Vicki Powers (July 28, 1958 – February 2, 2025), born Victoria Ann Powers, was an American mathematician specializing in algebraic geometry and known for her work on positive polynomials and on the mathematics of electoral systems. She was a professor in the department of mathematics at Emory University, where she worked starting in 1987.
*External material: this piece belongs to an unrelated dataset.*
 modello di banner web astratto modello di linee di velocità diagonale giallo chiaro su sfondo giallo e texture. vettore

Powers was the author of the book Certificates of Positivity for Real Polynomials—Theory, Practice, and Applications (Springer, 2021). A review on MathSciNet said that "In the reviewer's opinion this is a very nice and concise presentation of the most important pillars of real algebra up to the present time".

==Life and career==
Powers graduated from the University of Chicago in 1980, with a bachelor's degree in mathematics. She completed her Ph.D. in 1985 at Cornell University. Her dissertation, Finite Constructable Spaces of Signatures, was supervised by Alex F. T. W. Rosenberg.
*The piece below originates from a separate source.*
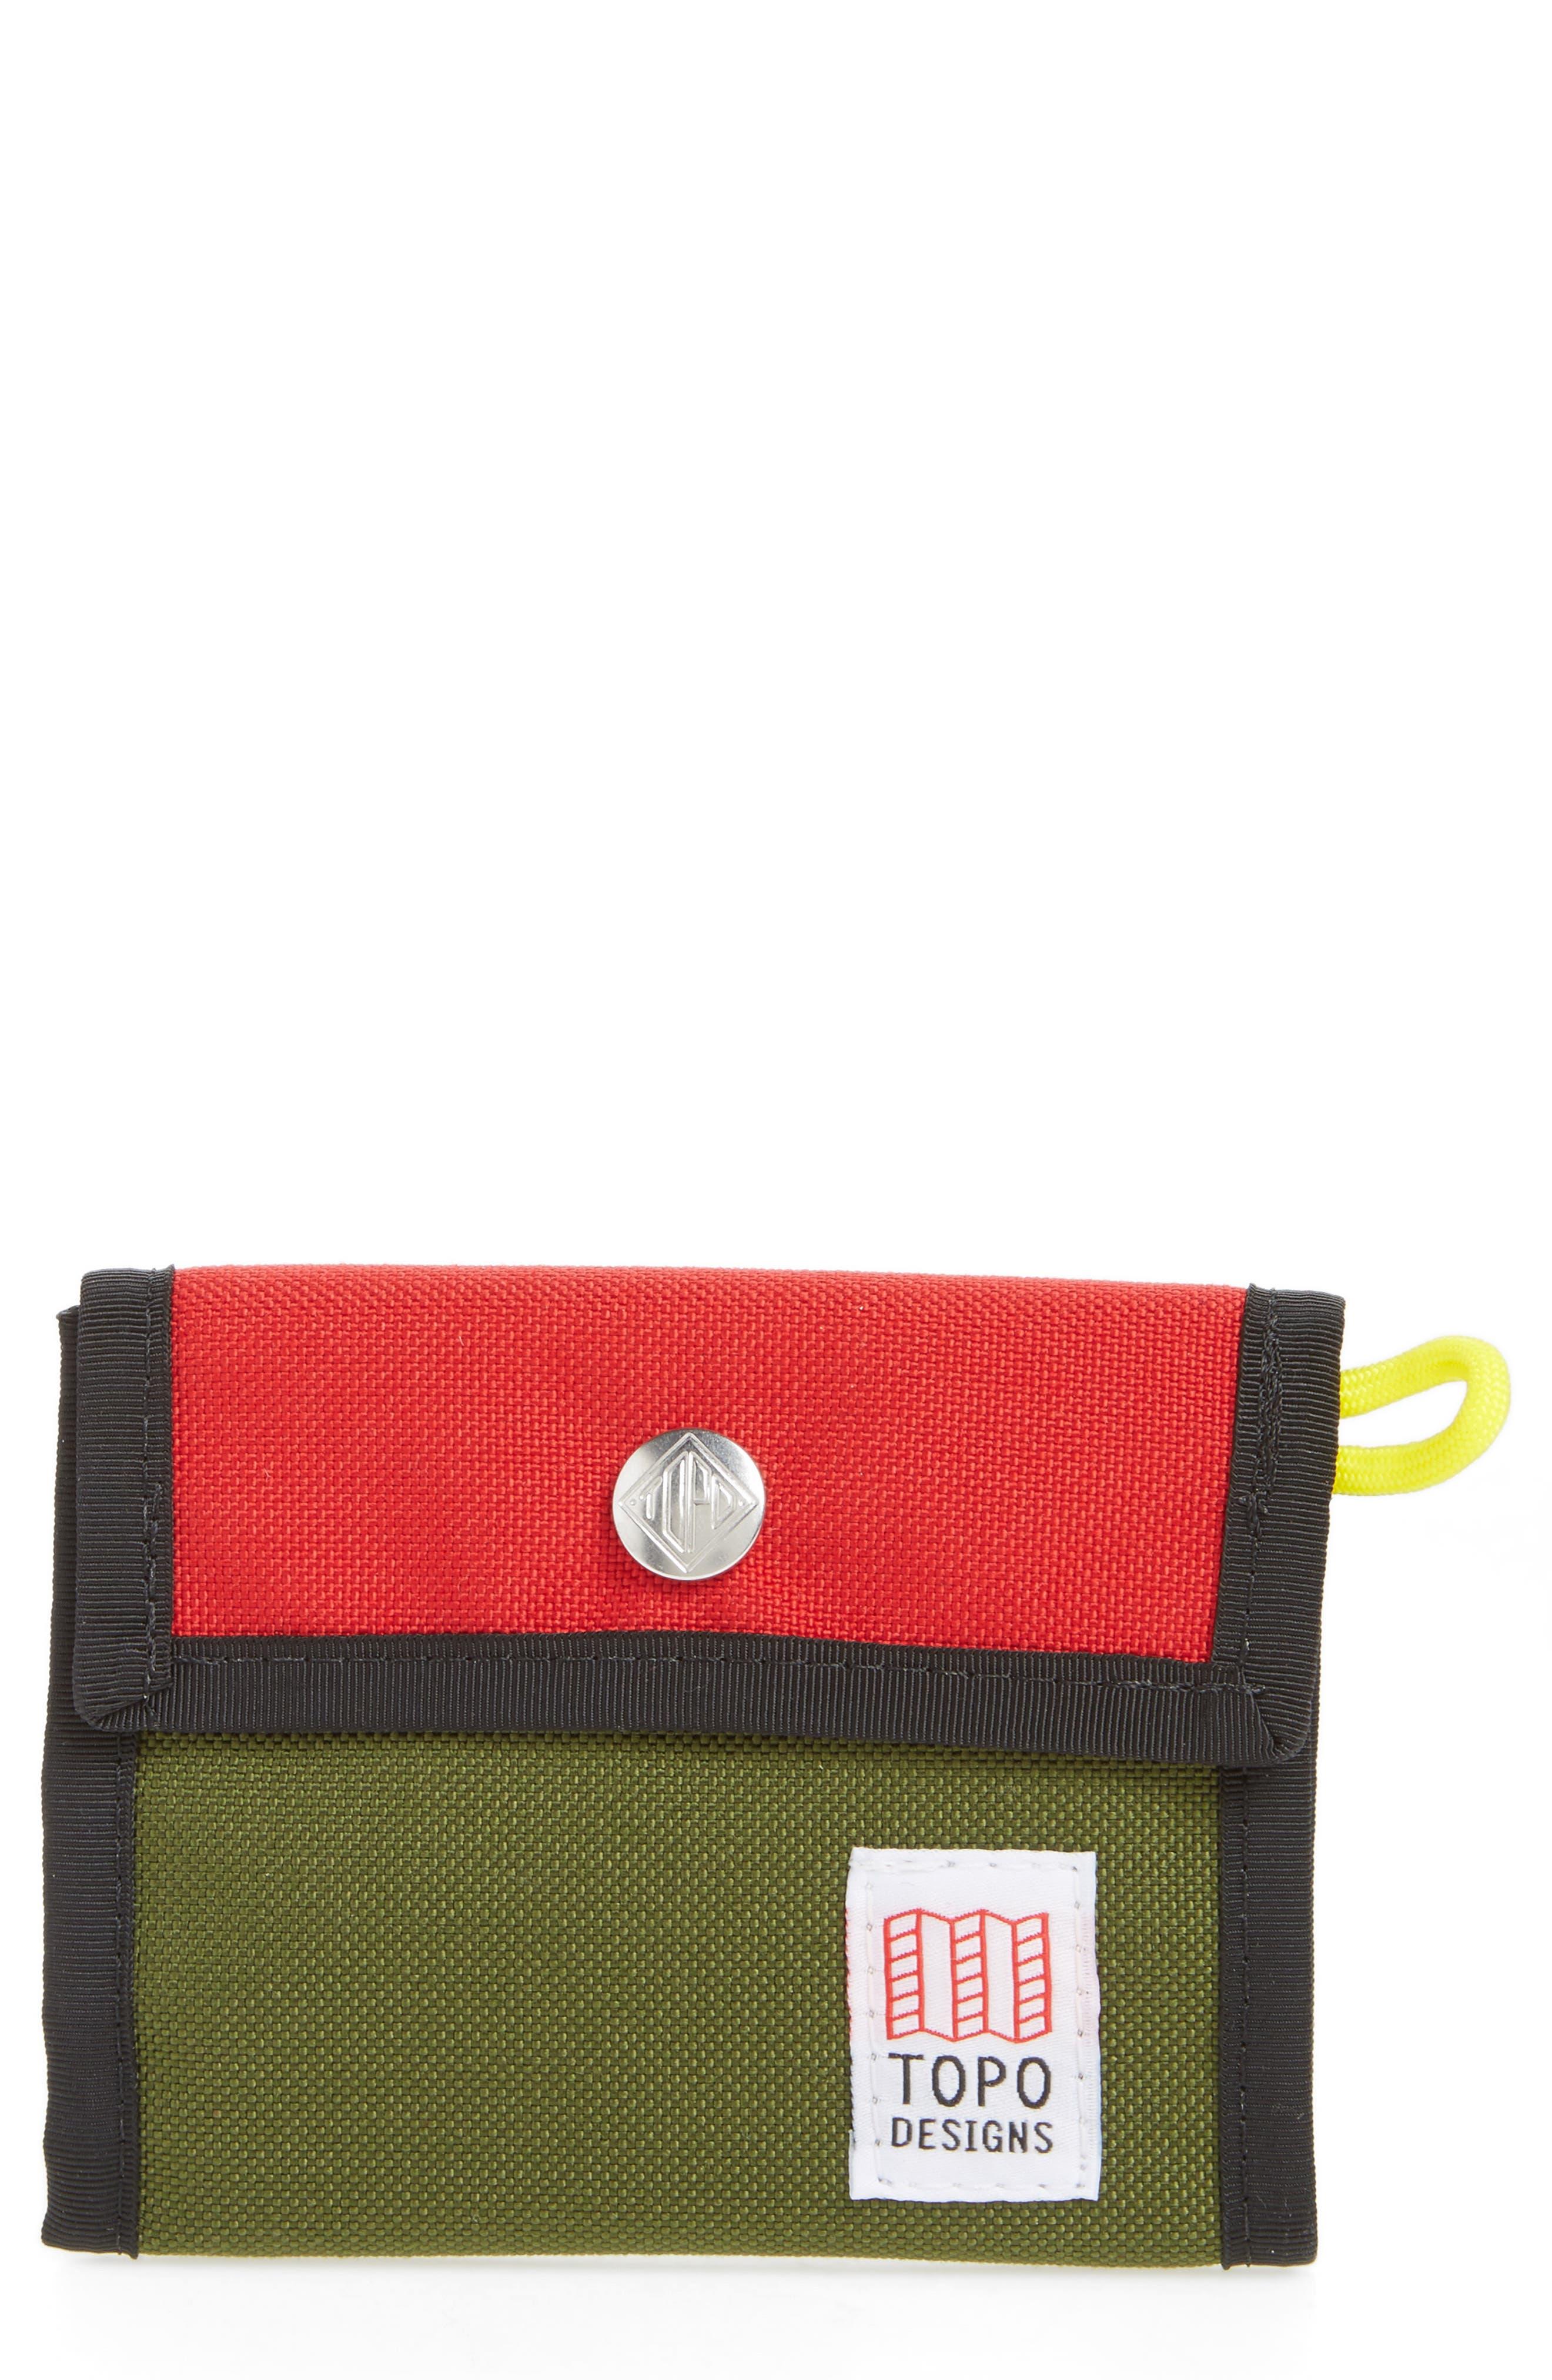 Topo Designs Snap Wallet

After completing her doctorate, she joined the faculty at the University of Hawaiʻi, but moved to Emory University only two years later, in 1987.

She was on leave from Emory as a Humboldt Fellow and Alexander von Humboldt research professor at the University of Regensburg in 1991–1992, as a visiting professor at the Complutense University of Madrid in 2002–2003, and as a program officer at the National Science Foundation in 2013–2015. From 2012 to 2014, Powers served as a Council Member at Large for the American Mathematical Society.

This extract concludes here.